Сообщения за июнь, 2023
 Моих мыслей стало столь много, что порой я не успеваю их даже тщательно обдумать и записать. Кажется, что раньше я был более сконцентрирован над предметом своих размышлений и возводил каждую мысль в абсолют, погружался в её глубину насколько это было возможно; но при этом и теперь нельзя сказать, что разрастание мыслей стало погоней за количеством в ущерб качеству. Возможность мыслить столь сильно разрослась во мне со временем, что множественные процессы в моём сознании стали протекать одновременно и развивать всё новые и новые пути, которые ответвлялись друг от друга и образовывали более сложную и в то же время более понятную структуру того, что раскрывало всецелую картину в происходящем, в протекающем настоящем — в том самом, что мы называем реальностью, и всего того, что она в себя включает.
 Порой человек болеет не только телом, но и душой. Чаще всего это называют некими внутренними кризисами, переживаниями, что выражается некоторой тяжестью в мыслях и поступках, становится чем-то угнетающим. Но это обязательно проходит в какой-то момент, и всё рассеивается, словно наша душа выздоравливает от недугов; словно происходит большая внутренняя борьба внутри нас и мы снова оживаем.
 Если вы не чувствуете лёгкости на душе, то это лишь оттого, что мыслите о ложном.
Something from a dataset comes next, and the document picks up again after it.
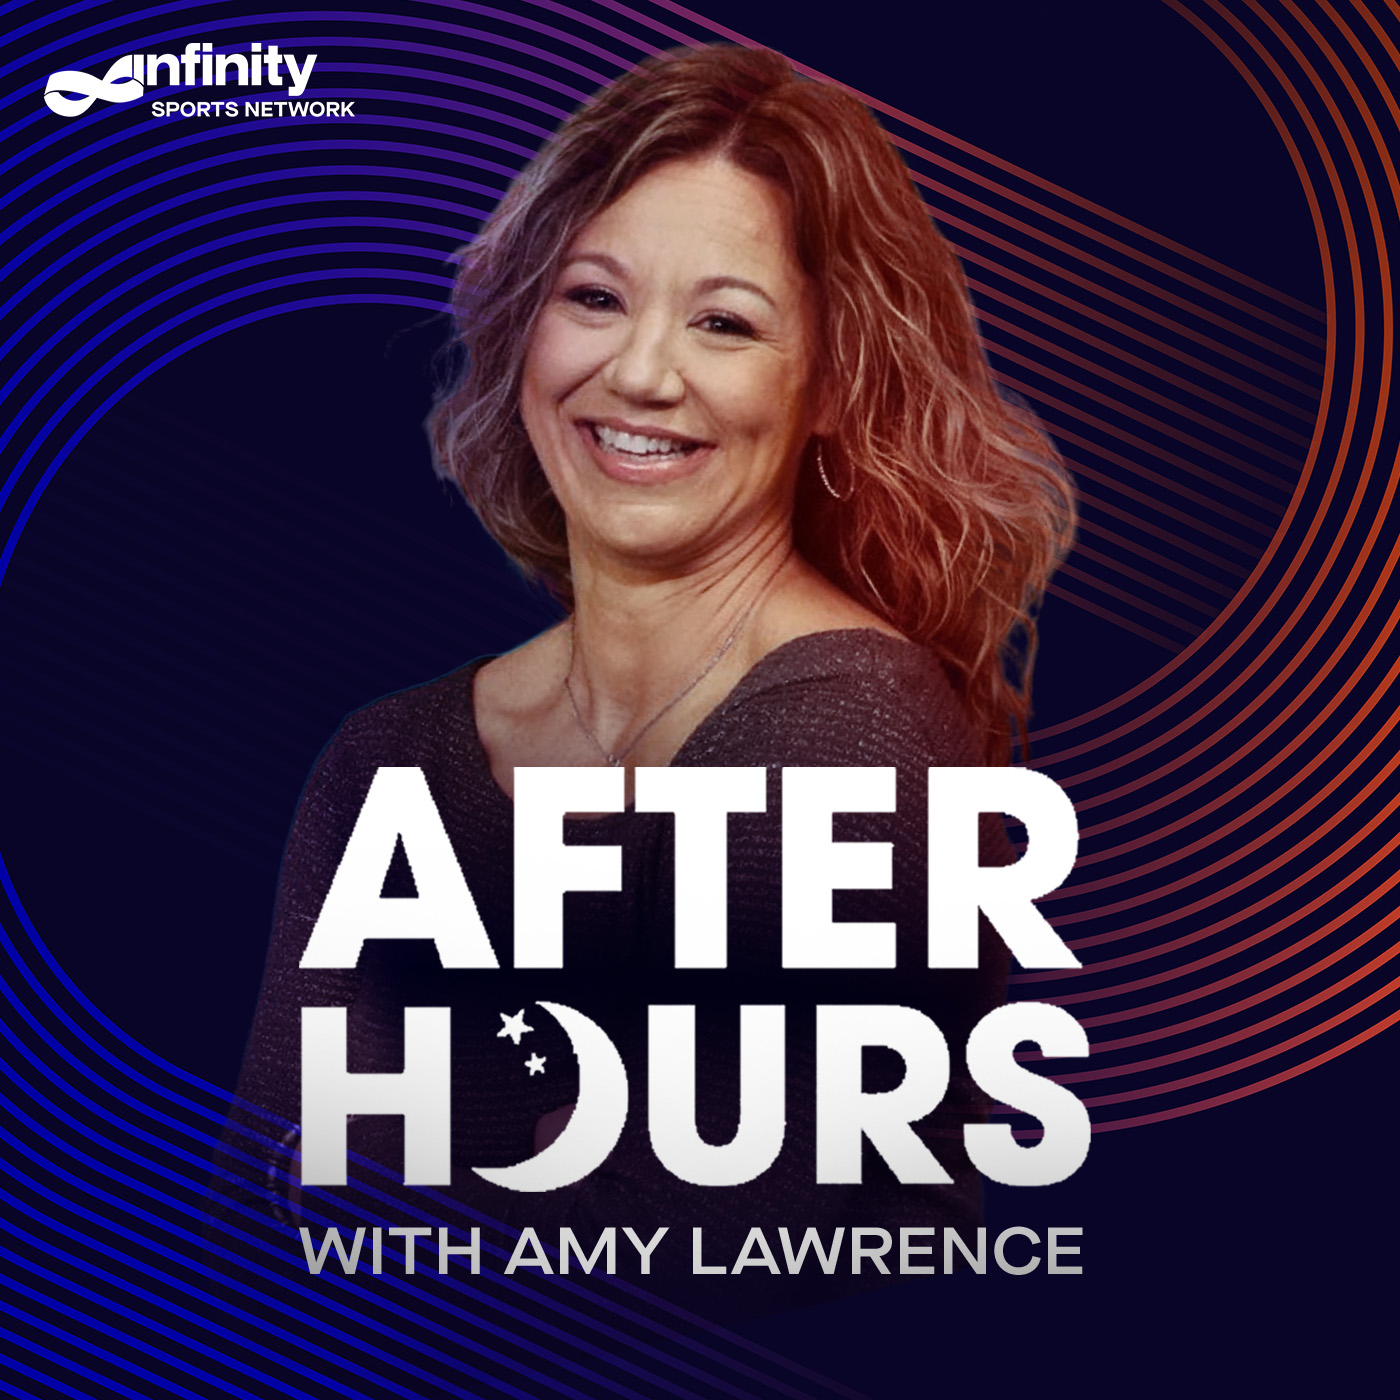 2/8/21 After Hours with Lawrence PODCAST: Hour 4

 Я настолько мёртв собой, что не чувствую, что живу. Все мои мысли уже давно за той гранью и находятся там. Я давно готов к смерти и жду её, но она не приходит. Даже несмотря на мою относительную молодость, где, казалось бы, жизнь должна быть в самом своём расцвете, я мечтаю о смерти, как о логичном завершении своей жизни. Есть двоякие чувства перед смертью: иногда я чувствую некий страх и пытаюсь его подавить, но от этого лишь ещё больше боюсь и, во избежание этого страха, придумываю какие-то цели для жизни, убеждая себя в любви к ней, которую на самом деле давно изжил и потерял её нить, как и всякие надежды и всякие причины; иногда же, как сейчас, я просто всеприемлем и столь спокоен, смиренен, что не чувствую и не нахожу в себе никаких волнующих колебаний: мне кажется, что ничего не осталось в этом мире для меня, кроме смерти, и что только её наступление даст мне наконец желаемое спокойствие и истинное уединение, моё забвение, моё лучшее место — не быть.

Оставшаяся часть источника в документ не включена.